Complexation of alkali–metal cations by conformationally rigid, stereoisomeric calix[4]arene crown ethers: A density functional theory study

The quantum mechanical study of the cone, partial-cone, and 1,3-alternate 1,3-diethoxy-p-tert-butylcalix[4]crown-5 and their interaction with the alkali–metal cations (Na+, K+, and Rb+) has been performed. Geometries, binding energies, and binding enthalpies are evaluated at the restricted hybrid Becke’s three parameter exchange functional (B3LYP) level using standard 6-31G basis set and relativistic effective core potentials. The optimized geometric structures are used to perform natural bond orbital (NBO) analysis. The two main types of driving force metal–ligand and cation–π interactions are investigated.
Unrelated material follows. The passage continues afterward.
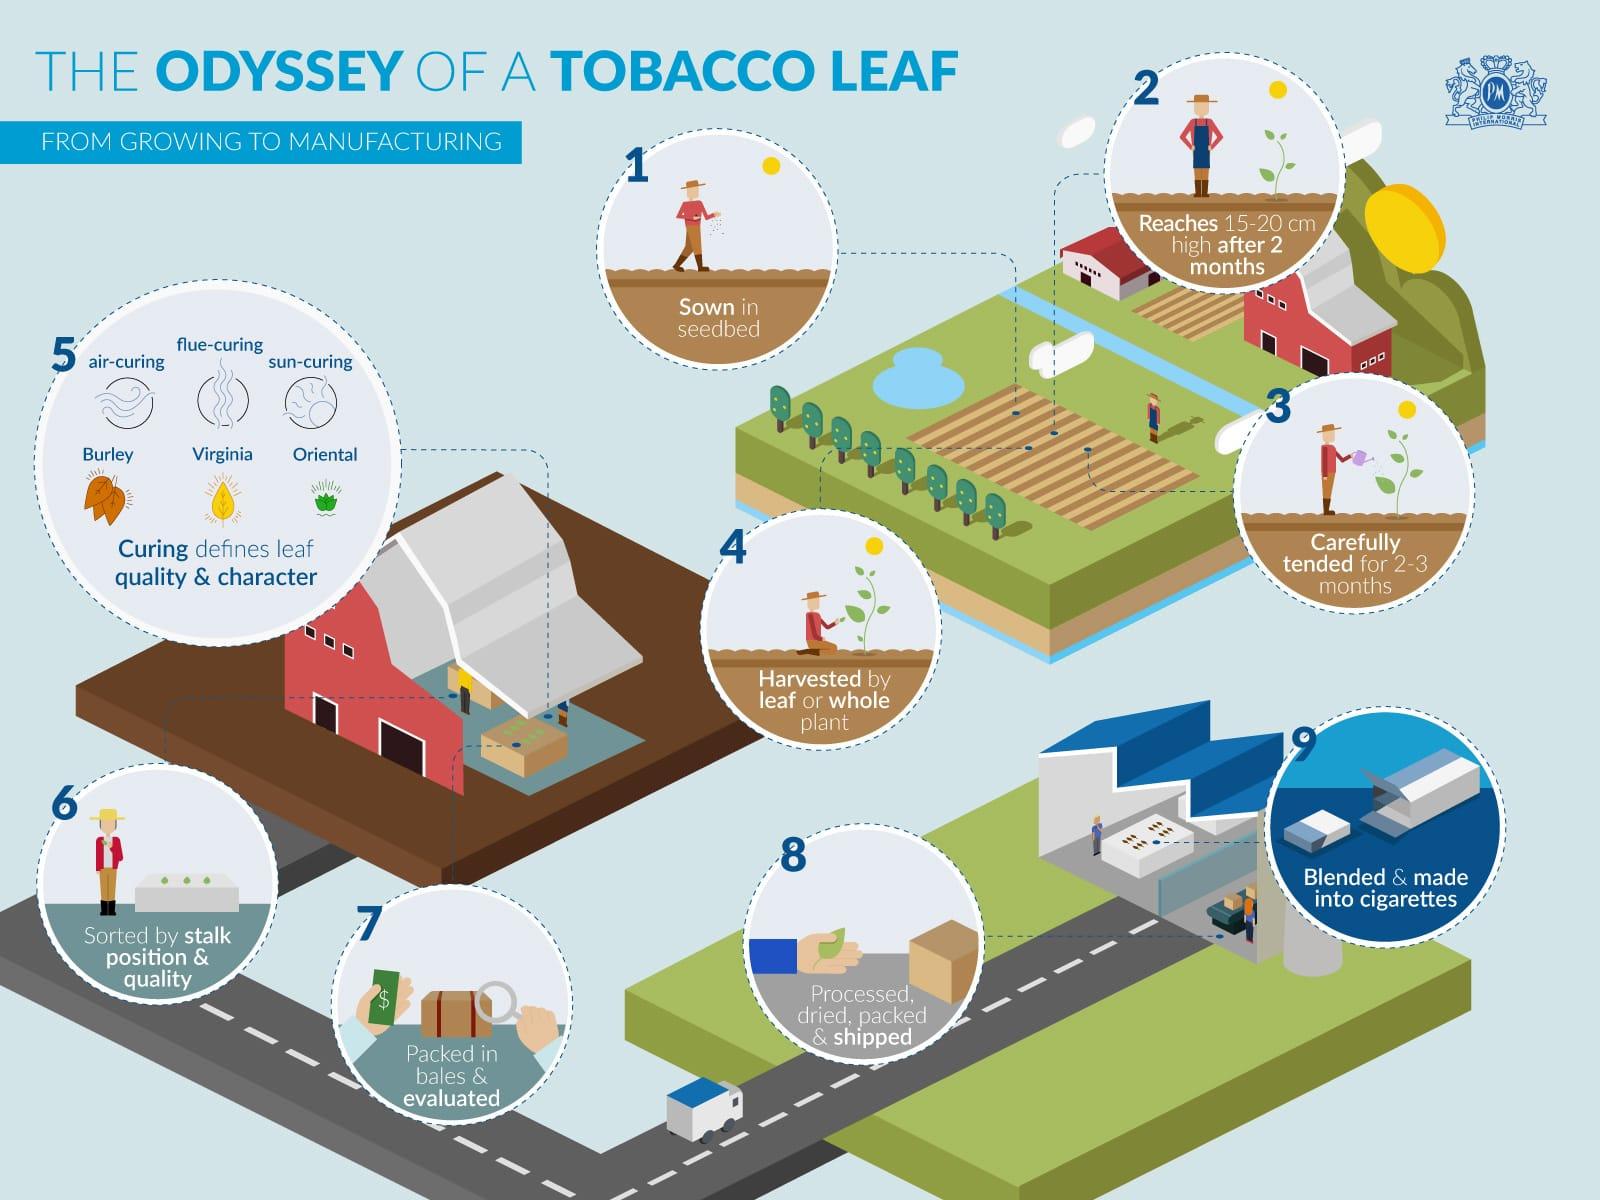 The Odyssey of a Tobacco Leaf

The results indicate that intermolecular electrostatic interactions are dominant and the electron-donating oxygen offer lone pair electrons to the contacting RY∗ (1-center Rydberg) or LP∗ (1-center valence antibond lone pair) orbitals of M+ (Na+, K+, and Rb+). What is more, the cation–π interactions between the metal ion and π-orbitals of the two rotated benzene rings play a certain role (especially in L3). Our calculations clearly show that solvation effects strongly influence cation selectivity. 1,3-diethoxy-p-tert-butylcalix[4]crown-5 isomers preferentially bind Na+, not K+ as found in aqueous environments. However, the calculated results indicate that K+ selectivity is recovered when even a few waters of hydration are considered.